The lottery's contribution to the general fund could ease state budget deficit woes. Gov. Tim Pawlenty used federal health care money to erase a $159 million deficit forecast for 2004-05, but the state faces the prospect of shortfalls in later years.
The lottery began examining expenses last year at the urging of former finance commissioner Dan McElroy, now Pawlenty's chief of staff, and the review picked up steam after the legislative auditor in February issued a scathing report on lottery spending under Andersen.
The lottery in fiscal 2003 contributed nearly $38 million to the general fund -- about 11 cents of every $1 spent on lottery games. It gave 12 cents to environmental and natural resources funds.
Meanwhile, it spent 13 cents per dollar -- a total of $47 million -- on operating expenses. Legislative Auditor Jim Nobles said the spending was excessive considering that similar state lotteries spent an average of 8 cents per dollar on operating expenses.
The Minnesota lottery's operating expenses have recently come into line with those of similar states.
But last year it spent more on promotions than did comparable lotteries, and the value was questionable, the legislative auditor said. It spent $400,000 a year to support the Minnesota Pro/Am Bass Tour, and paid for as many as eight staff members and a driver to attend tour dvents. Andersen was an avid fisherman.
The lottery also spent millions of dollars over the years on its "Environmental Experience" tractor-trailer that displayed lottery projects, and to produce a weekly public-access cable television show and radio spots.
The activities were put together by Media Rare, a St. Paul vendor founded by a fishing buddy of Andersen's. The auditor's report said the lottery never took bids for the work, overpaid Media Rare and hadn't measured the effect of the promotions.
After Andersen's death, the lottery severed its ties with Media Rare. The firm says it provided a valuable service and has sued over the cancellation of its contracts.
Trails to follow
Agents from the gambling division of the Department of Public Safety have been investigating the lottery since February and sought copies of contracts between it and Media Rare and an advertising firm, the Foley Group Inc. of Minneapolis., McDonnell said.

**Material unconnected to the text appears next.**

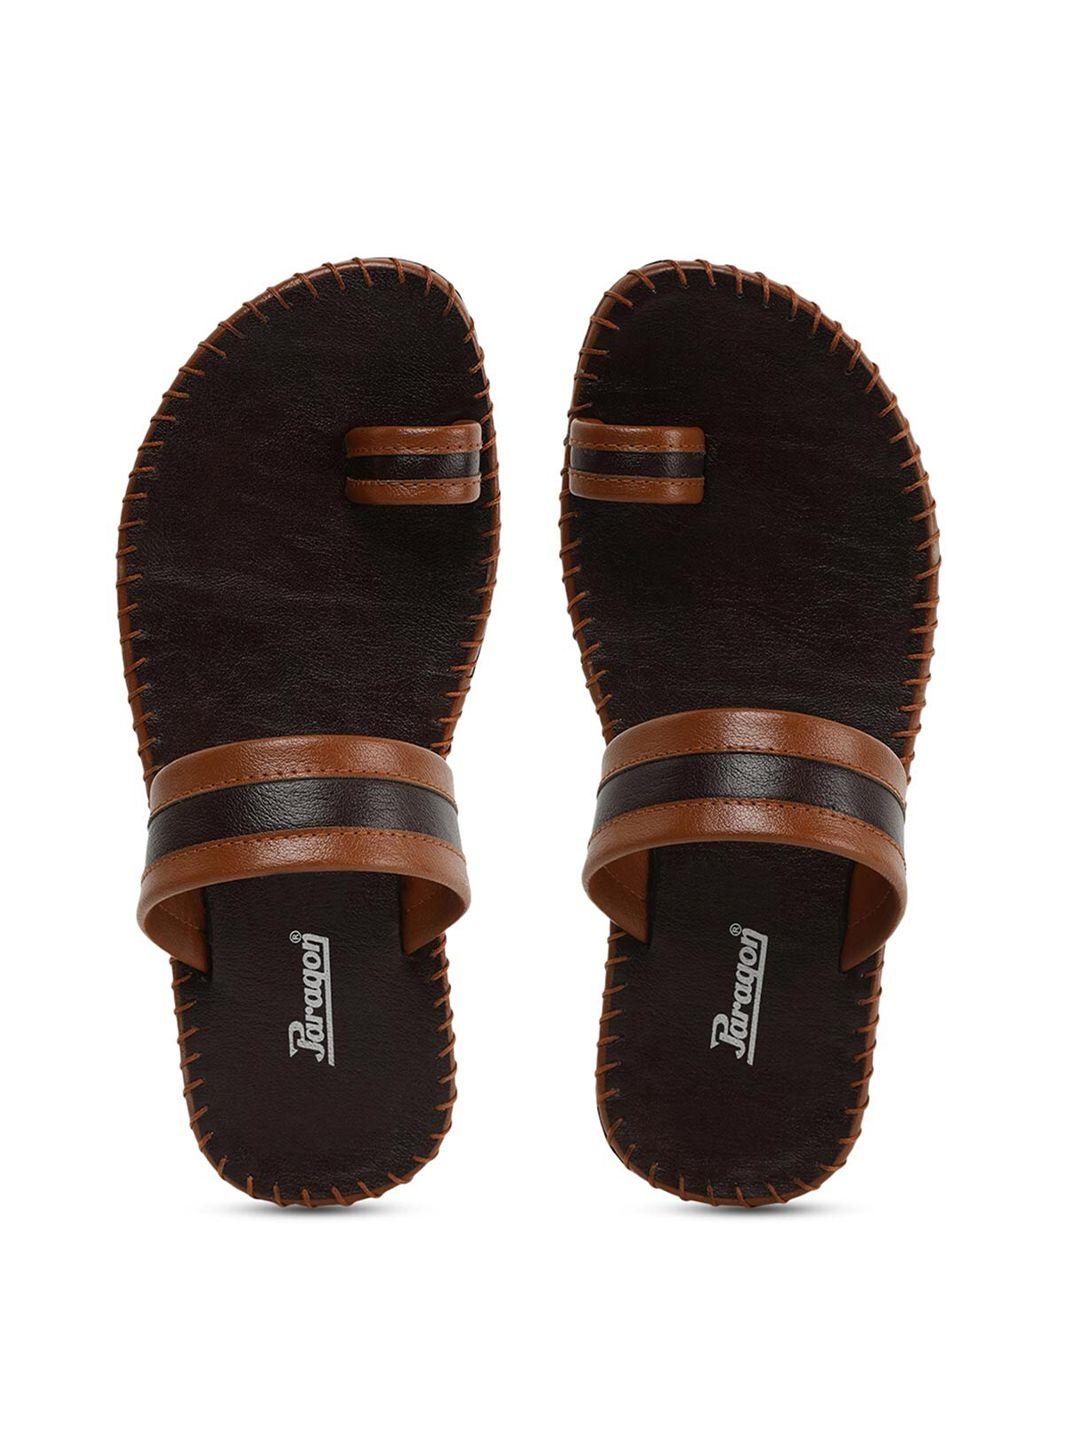 paragon men brown tan slip-on comfort sandals

He said investigators also reviewed the contracts of other vendors.
Acting Minnesota Public Safety director Michael Campion confirmed last week that investigators were looking at Media Rare and Foley. He said the agents are "still inquiring, trying to see if there is anything there or not." Campion said he hasn't heard of any evidence of criminal conduct.
"No one at Media Rare has been interviewed about any investigation," said Jeff Denney, the firm's current owner, who bought it four years ago from Andersen's fishing buddy, Michael Priesnitz.
Because of how the sale was structured, Priesnitz remained dependent on the success of the business, and the business remained dependent on its work for the lottery.
John Foley, president of the Foley Group, said agents asked to see his firm's contracts about six weeks ago but he hasn't heard back from them. "I don't know where their investigation is going to go," he said. "I think we're sort of on the sidelines."
Norm Pint, special agent in charge of the gambling enforcement division, said at the beginning of the inquiry that it involved reviewing hundreds of contracts for possible improprieties. Investigators are still interviewing people as well as reviewing documents, but Pint declined to discuss specifics.
"We've got a lot of documents to go through and we're making progress," he said. "But it will be a few weeks yet before we're done."